The function FinCheckQA (3.6-2) determines whether QA is finite or infinite dimensional. More generally, the growth of QA can be determined by means of the function DetermineGrowthQA (3.6-1), which either returns the information that QA is finite dimensional, or that QA has polynomial growth, in which case it gives bounds for the degree of polynomial growth, or that QA has exponential growth. Finally, with the function HilbertSeriesQA (3.6-3) one can compute coefficients of the Hilbert series.

The purpose of the functions FinCheckQA (3.6-2) and DetermineGrowthQA (3.6-1) are closely related. The former is faster, while the latter provides more information, as illustrated from the following table.

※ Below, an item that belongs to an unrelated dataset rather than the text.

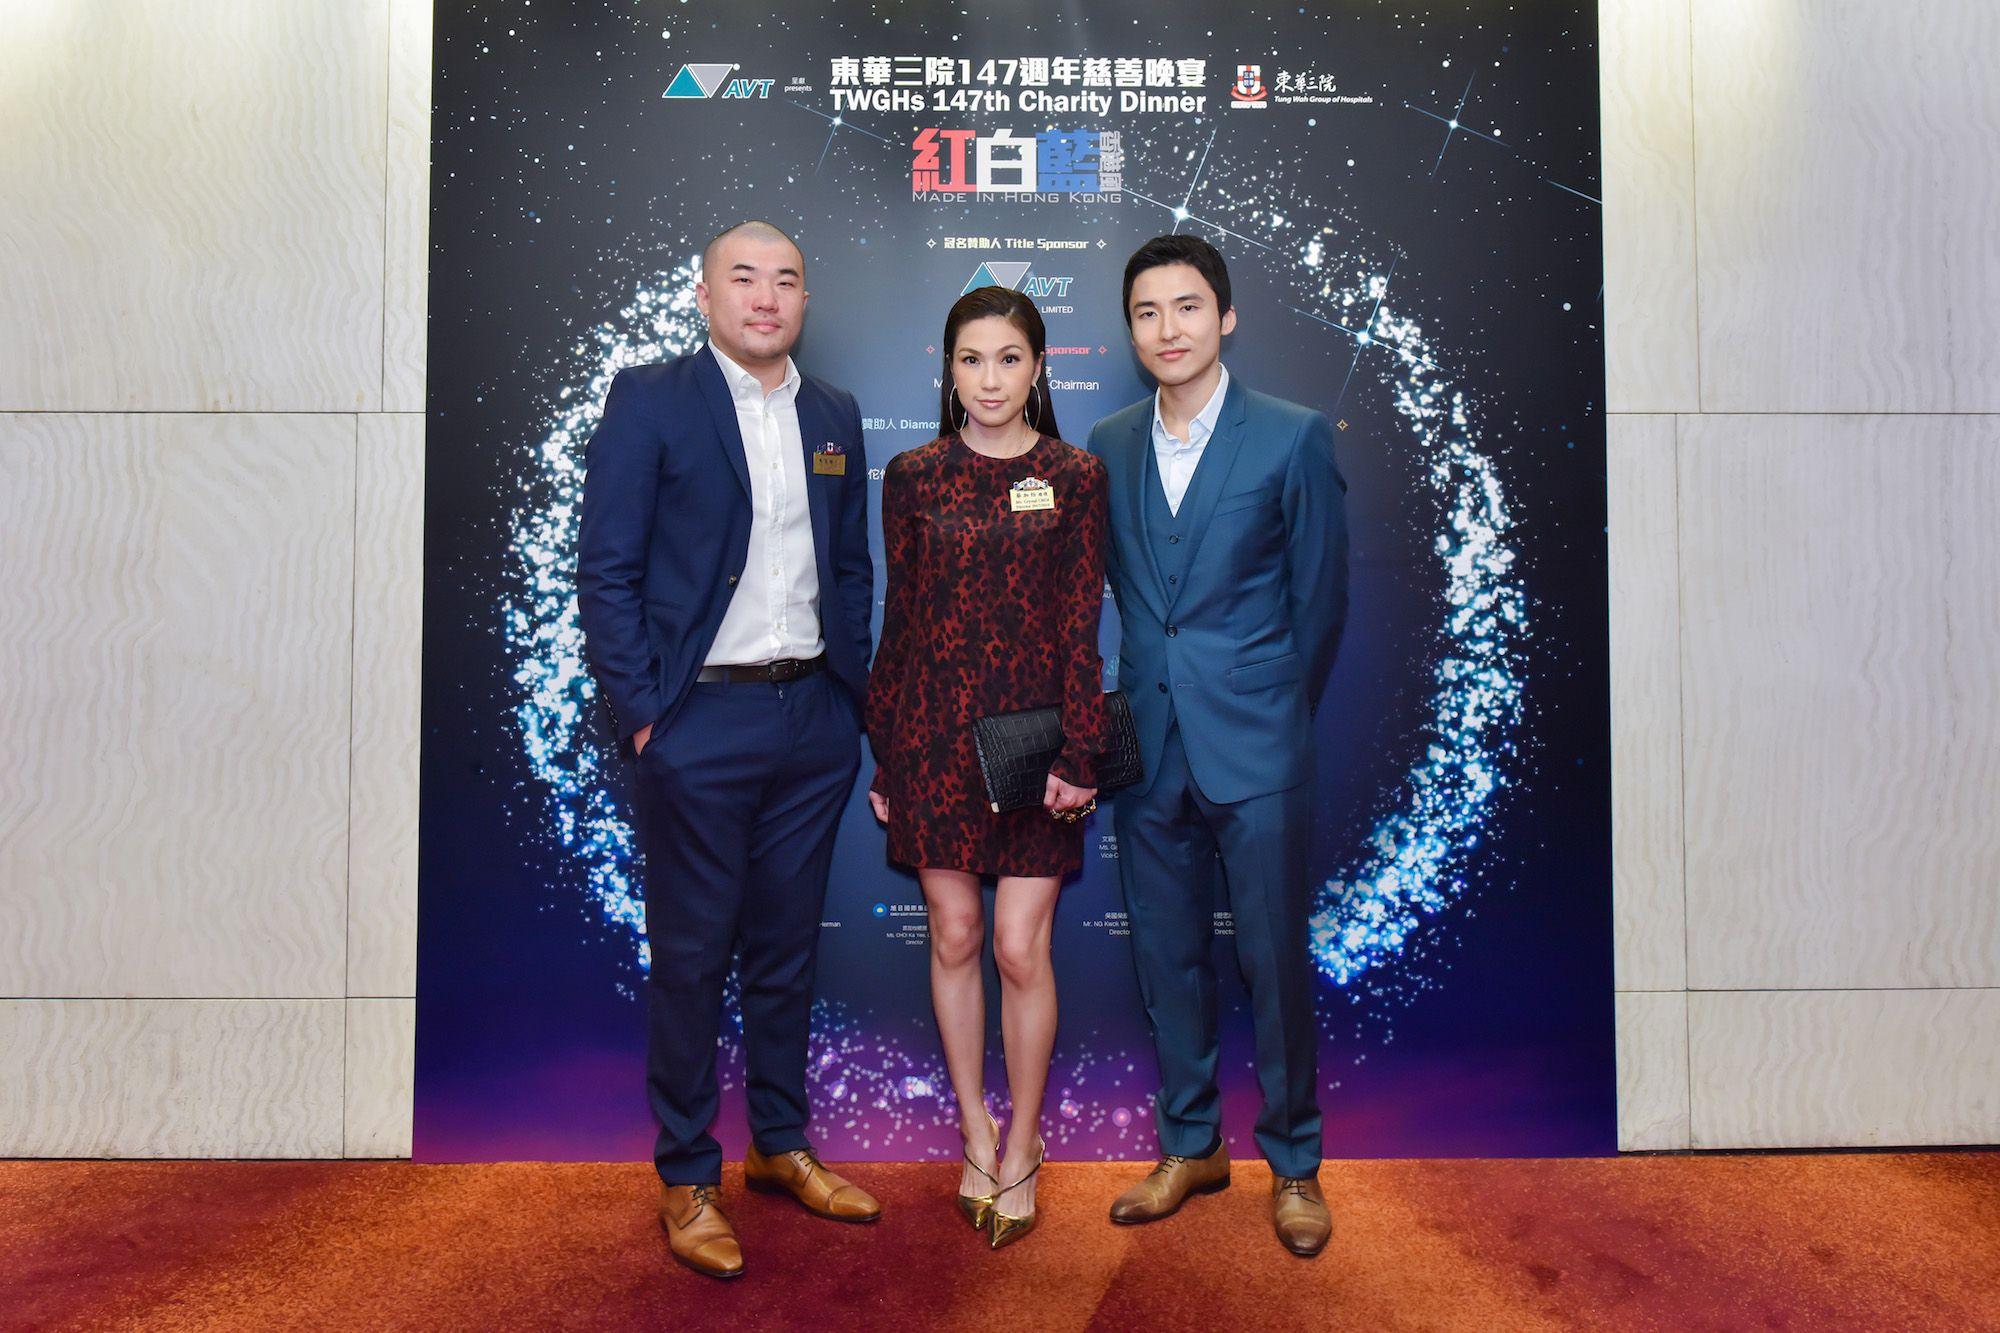 Jeremy Chan, Crystal Choi, Karson Choi

Table: dimensionality functions; d stands for degree, [d1,d2] for an interval containing the degree
  FinCheckQA DetermineGrowthQA
finite true 0
polynomial growth false d or [d1,d2]
exponential growth false "exponential growth"

 


The function DetermineGrowthQA (3.6-1) may find the exact degree of polynomial growth (if at hand). If this is the case, that degree is returned. It may also happen that only an interval [d1,d2] is returned in which the dimension lies. To force an exact answer, its third argument should be true.

With the function PreprocessAnalysisQA (3.6-4), the computations done by these 3 functions can be sped up. Note however that by applying preprocessing of the data, the set of monomials in the ideal basis is changed and corresponds no longer to the same quotient algebra (but to a quotient algebra with the same growth).